Nicola Caricola

Killers of the Flower Moon

Un lustro, dal 2017 al 2022, è occorso per passare dal progetto del film al film di Martin Scorsese, Killers of the Flower Moon, costato duecento milioni di dollari. Tanti, come tante sono le sue tre ore e ventisei minuti. Le prime due sono ideologia woke per risarcire moralmente i pellirosse Osage, che un secolo  fa erano solo duemila, tutti molto ricchi per via dei giacimenti petroliferi nella loro riserva. Perciò erano anche molto corteggiati. E molto ammazzati.

Il resto del film è l’intreccio poliziesco-processuale suggerito dal titolo, con Fbi degli albori, che arriva per volontà del presidente Harding a imporre la legge, là dove la polizia dell’Oklahoma lasciava correre.

Lo spettatore giovane e cinefilo si incanterà per la ricostruzione d’ambiente. Quello attratto dalla presenza di Leonardo Di Caprio e Robert DeNiro rifletta: Di Caprio è un divo, non un grande attore; DeNiro è stato un grande attore. A Lily Gladstone, di sangue pellerossa, Scorsese deve aver detto di essere sempre attonita, lei gli ha obbedito e vincerà l’Oscar…
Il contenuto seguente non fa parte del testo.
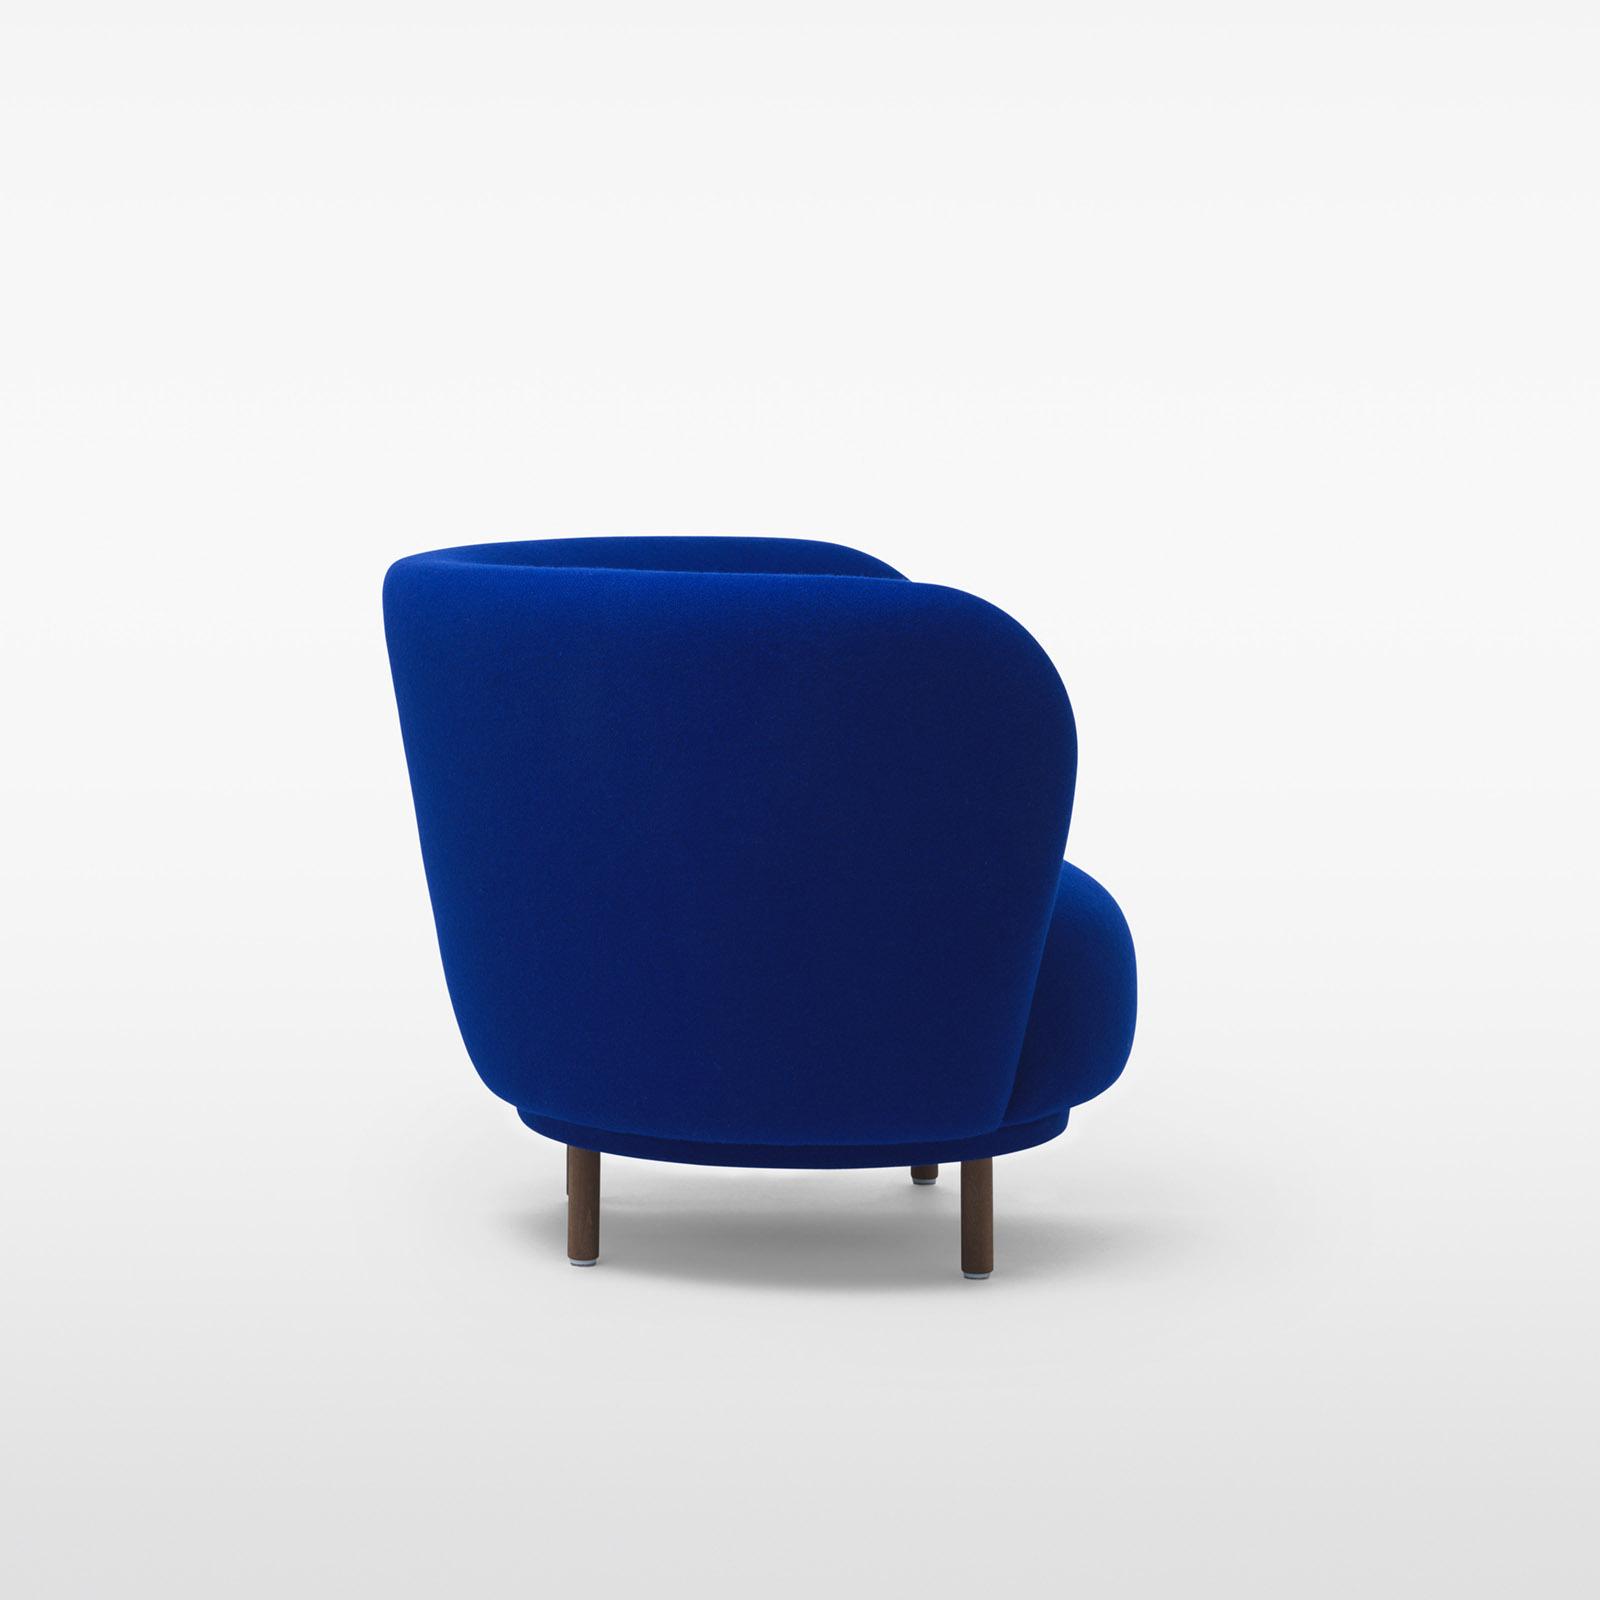 TinnappleMetz-massproductions-dandy-armchair-05

Se non per regia e recitazione, The Killer of the Flower Moon merita comunque pazienza e rispetto. Infatti è ormai rarissimo vedere una tale ricostruzione degli Stati Uniti rurali 1919-1925, qui l’Oklahoma, comparabile a quella dei due film con James Dean: La valle dell’Eden di Elia Kazan (1955), ambientato in California; Il gigante di George Stevens (1956), ambientato nel Texas. Cambia lo Stato, non la morale. Il sogno americano è sempre: vince chi muore più ricco.